Since 1978, there have been more great chase scenes, perhaps the most complex and exciting, is in another Friedkin film, To Live and Die in L.A. (1985). There’s a pursuit against traffic on the L.A. Expressway and along the concrete gully of the Los Angeles River. William Petersen is simultaneously being pursued by two different groups, the police and the D.E.A. Thus the hero, a cop, is the one being pursued, and who causes the death of a police informant, and eventually eludes his pursuers in a feat that proves exhilarating for him as much as for film audience.

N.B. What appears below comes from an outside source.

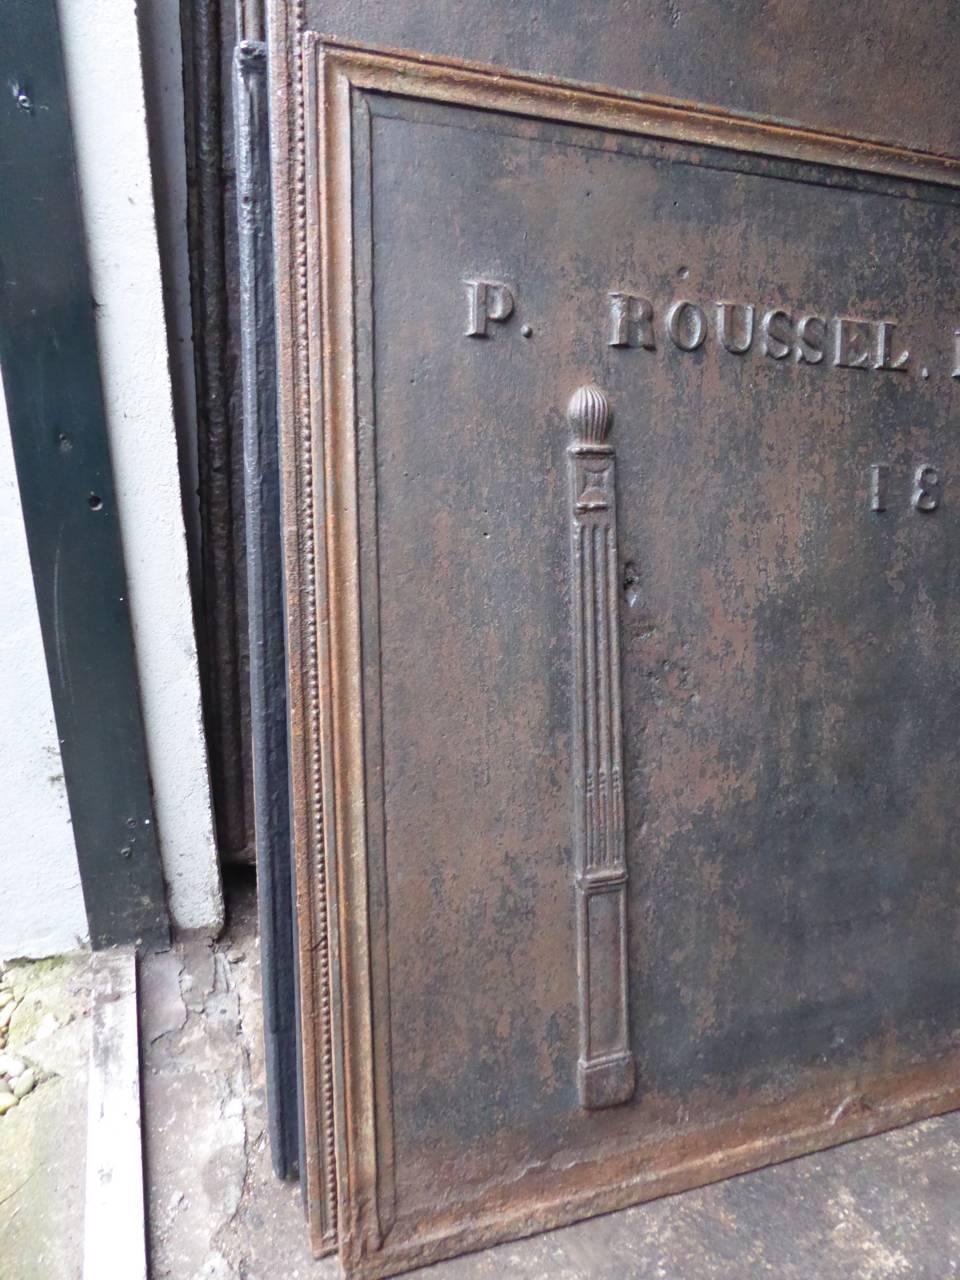 Plaque de cheminée française avec les piliers de la liberté, un nom et la date de production 1851.

Ce produit pèse plus de 65 kg / 143 lbs. Tous nos produits qui pèsent 66 kg / 146 lbs ou plus sont expédiés en tant que fret standard de porte à

Then there are two films spawned by The Driver: Drive (2011) and Baby Driver (2017). Drive stars Ryan Gosling as a stunt driver who moonlights as a getaway driver. As in The Driver, Drive’s protagonist enters a complicated relationship with a woman whose husband is in trouble with a robbery crew. Ryan O’Neal has a relationship with Adjani that is exploited by Bruce Dern’s cop as he coerces O’Neal to join a robbery crew that he had originally refused to work for. The second remake is Baby Driver (2017), in which the film’s namesake works for Kevin Spacey, who plots high end robberies. While the soundtrack score is important in The Driver and Drive, Baby Driver is powered by the music to which Baby Driver listens when he’s speeding around the city. A thread runs from The Driver to Baby Driver in the person of Walter Hill. When Baby Driver is put on trial, an elderly blind man testifies to the good character of Baby Driver. We learn in the credits, however, that the man’s voice has been dubbed by Walter Hill, probably for no reason save to acknowledge the superior status of Hill’s film.